Breaking His reverie, the mob persisted in their questioning. She watched Him, trembling and bleeding, waiting for His answer.
He stood, frustrated with their lack of understanding. The weight of the balance of the universe crushing His shoulders. It wasn’t just her, the obvious indiscretion. It was all of them. But there was only one truth in the midst of it...
He never wanted to be without them.
“He who is without sin among you, let him be the first to throw a stone at her.”
His words carried over the scene, laden with His thoughts and with His purpose. He bent again to the words in the sand he had left.
They dropped her before them. She crouched low and covered her head, the sound of the stones falling aimlessly out of the hands behind her filled her ears, echoing in her chest.
They left her there and dispersed.
He stood and watched her for a moment, remembering well the expanse of the life still trembling in front of Him, and the hopelessness that led her to this point.
“Woman,” he said. “Where are they? Did no one condemn you?”
Her eyes met His and she shook her head. “No one, Lord.”

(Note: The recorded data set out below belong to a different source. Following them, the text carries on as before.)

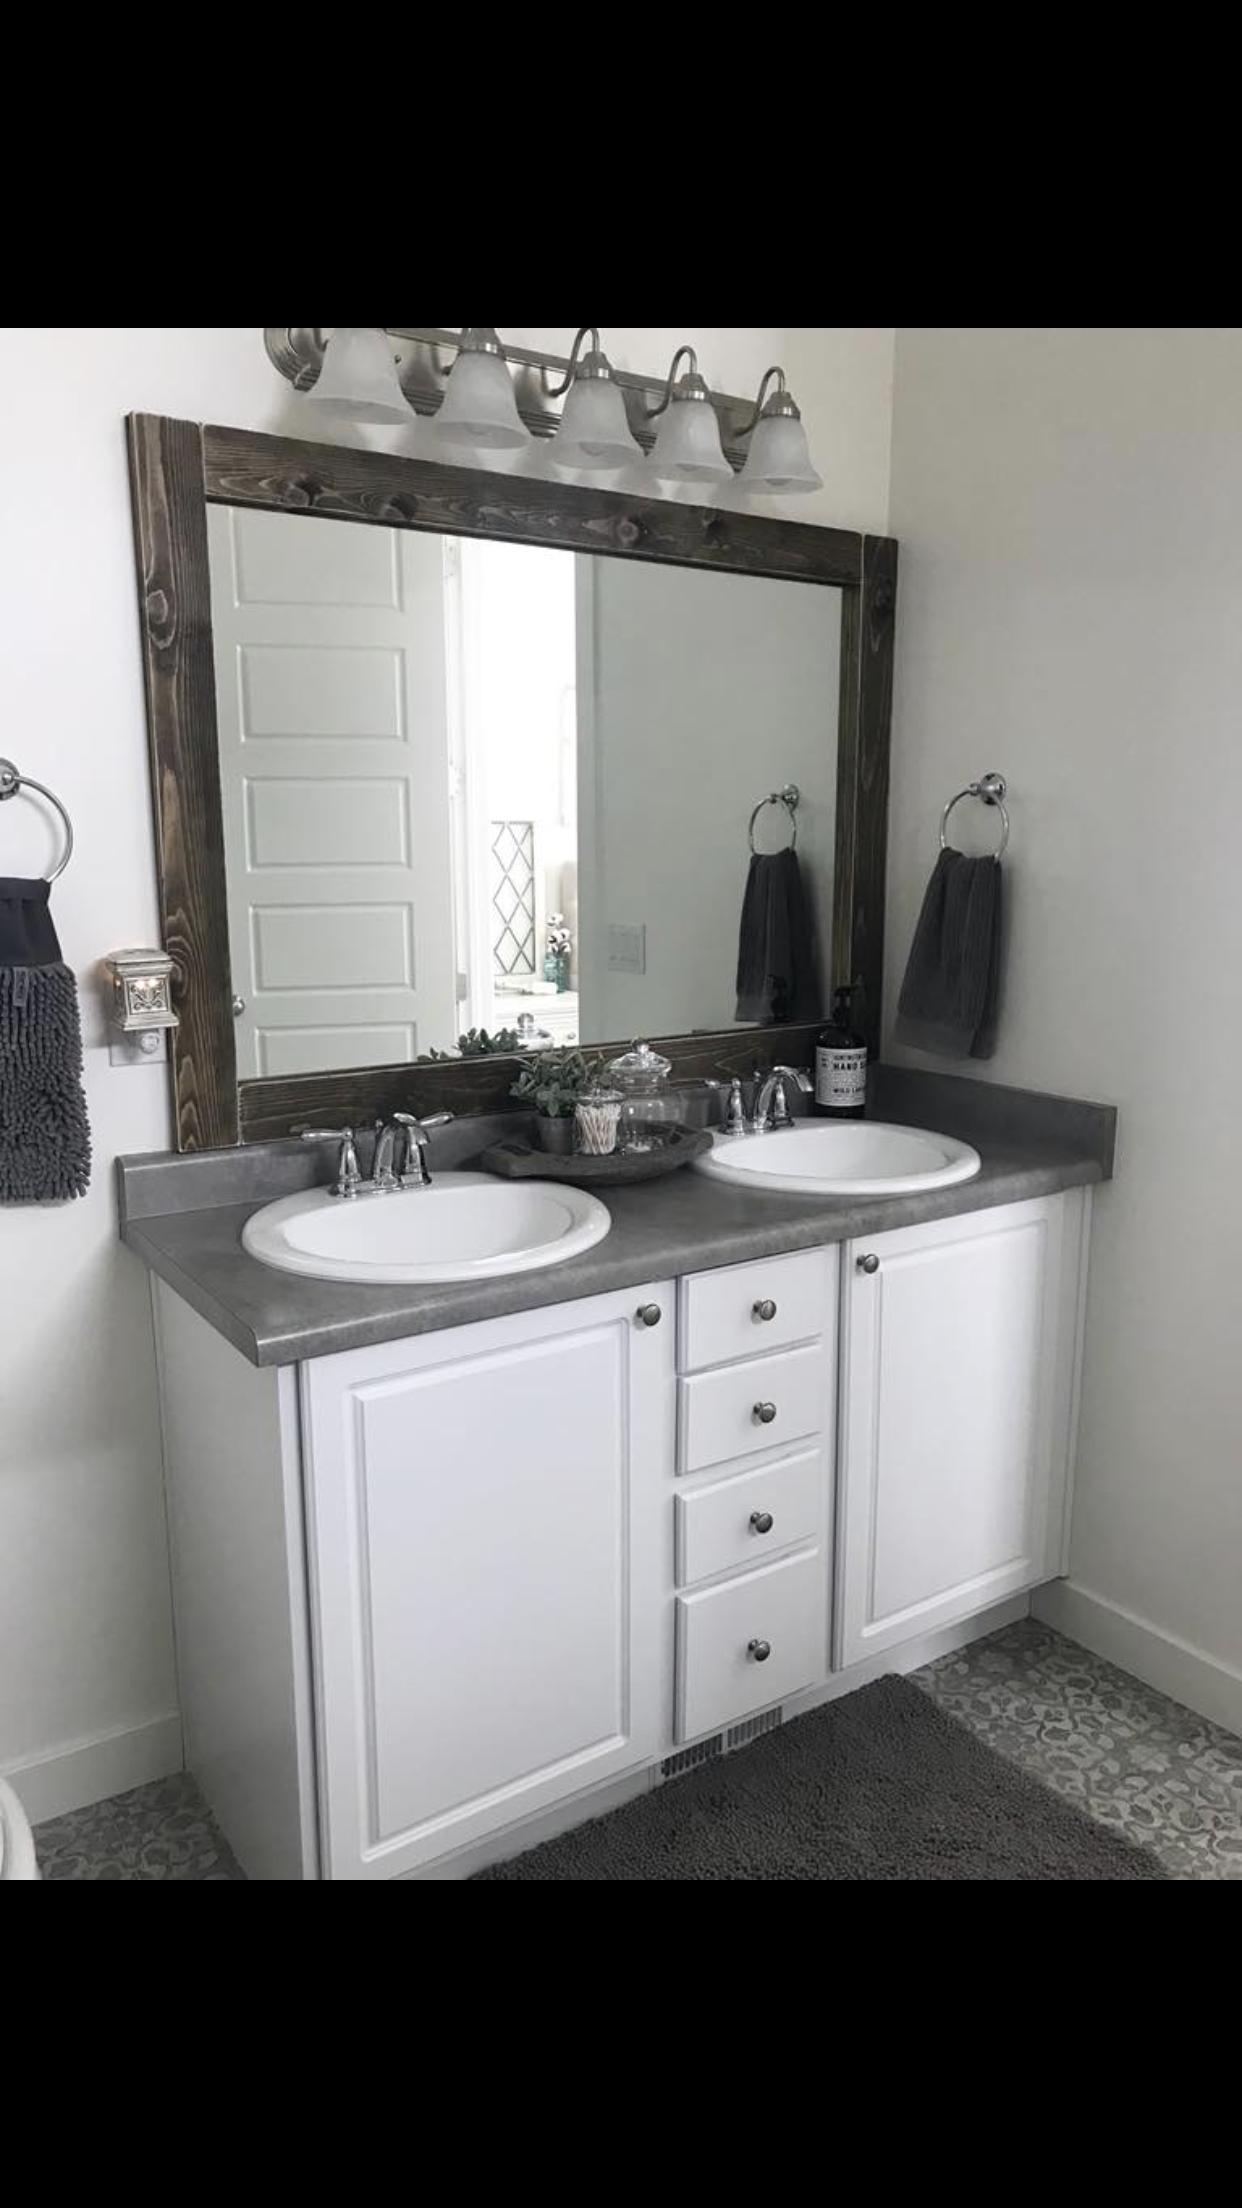 Wood Trim Mirror Bathroom Mirrors Diy Basement Bathroom Design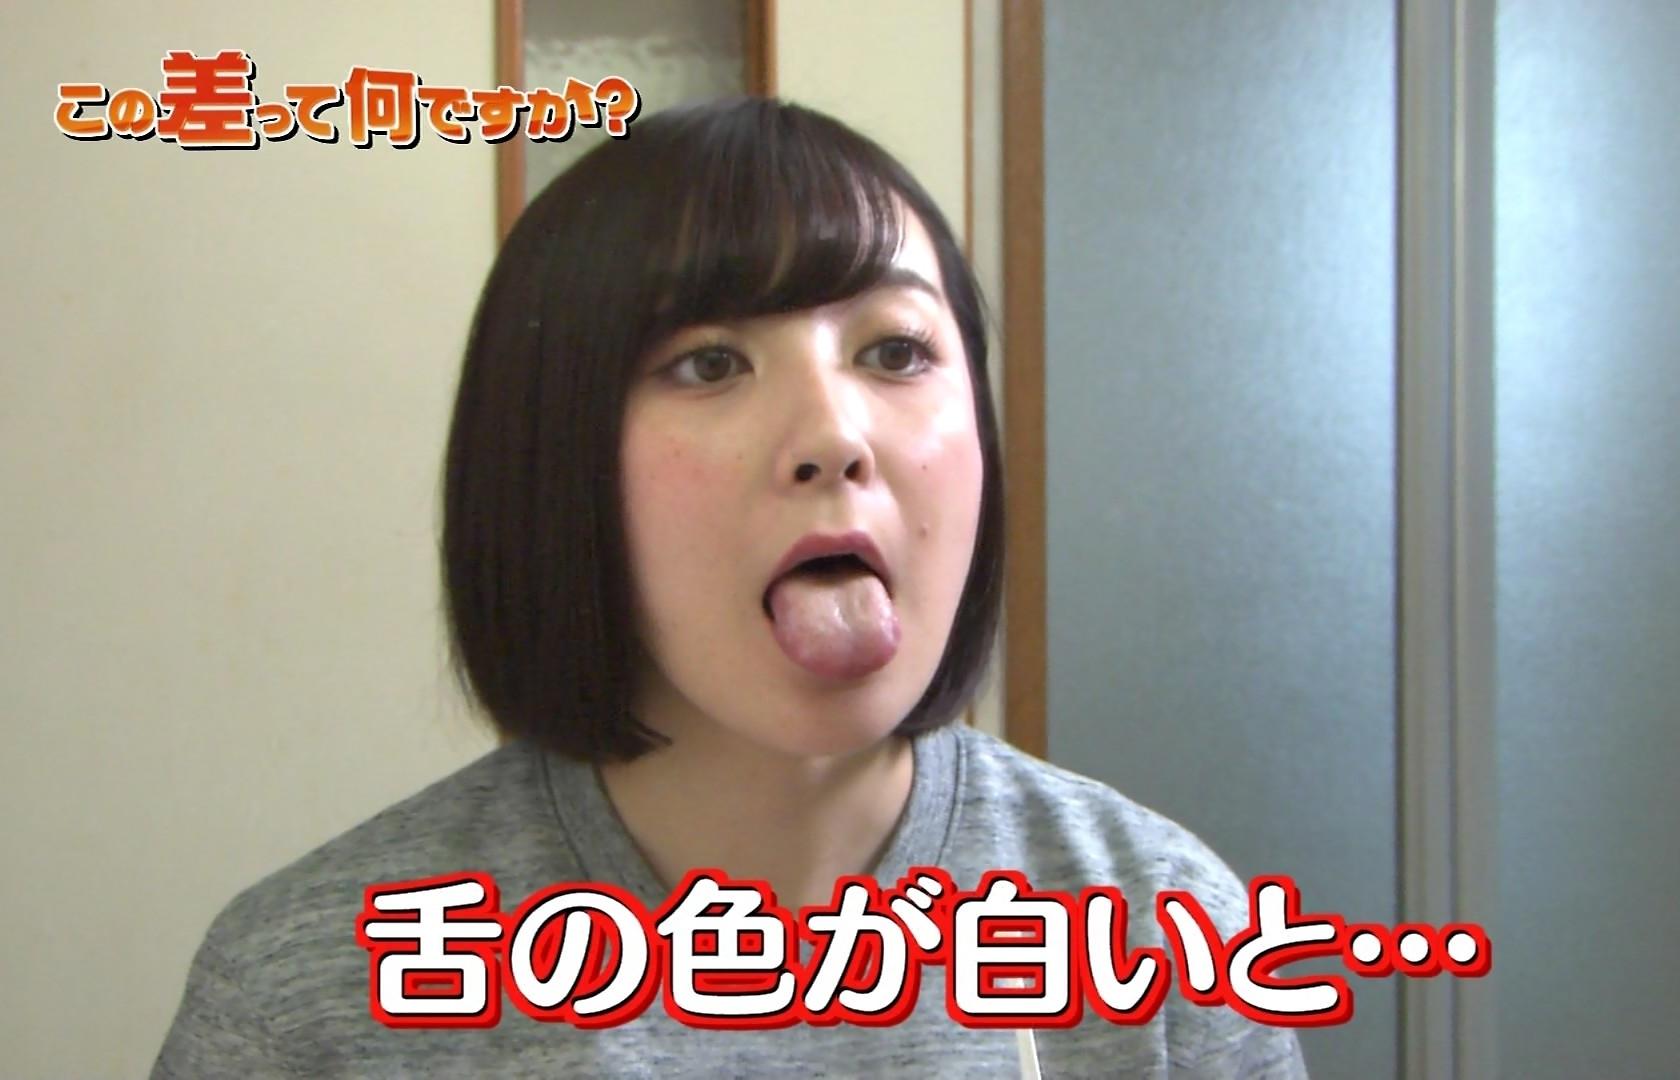 紺野栞の舌出し (1)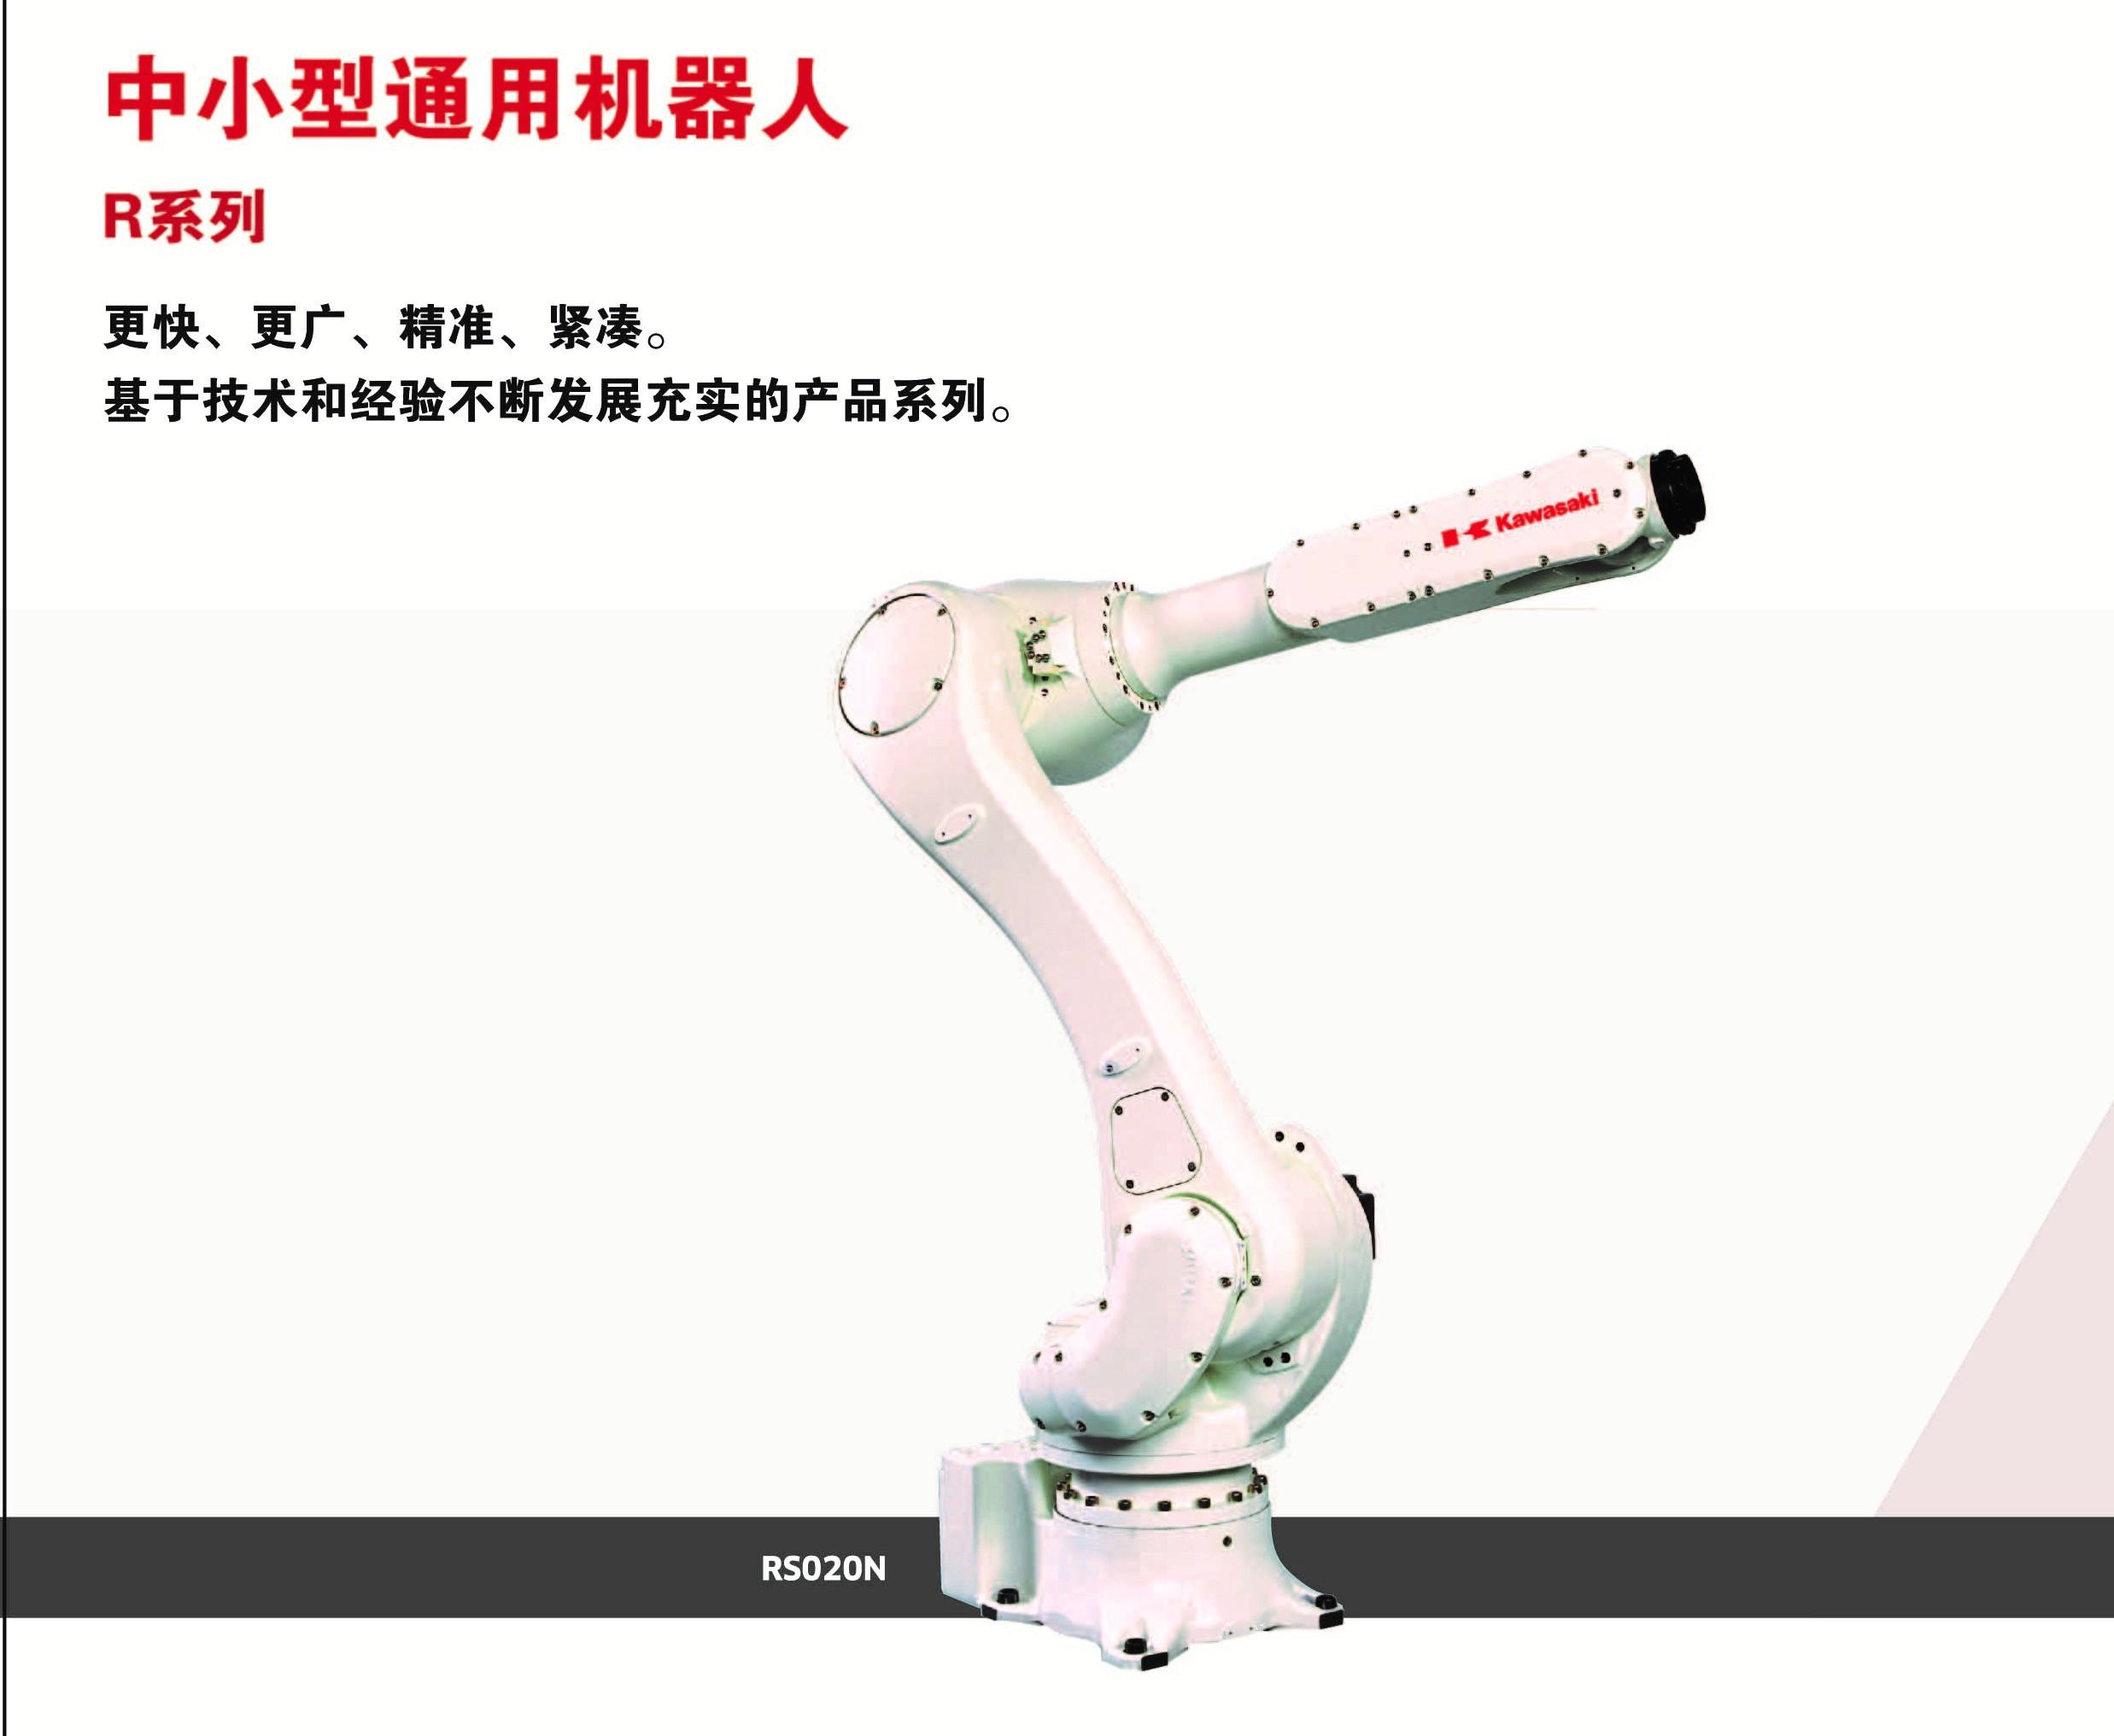 6轴关键机器人

“I do not condemn you either,” He told her as He offered His hand that would soon be scarred with a nail that would save them all.
Kate Hightower is writing to you in the midst of her Master of Divinity pursuit at Gordon-Conwell—Jacksonville where she is also a Byington Scholar. She is a debilitatingly right-brained, born-in-the-wrong-century, introspective pseudo-nerd with passions that range anywhere from writing, to French cooking to Bob Dylan. These days she resides in Jacksonville with one mental foot in the GCTS Library downtown, and the other is beach-side with her Golden Retriever, Stella… the world's first dog superhero.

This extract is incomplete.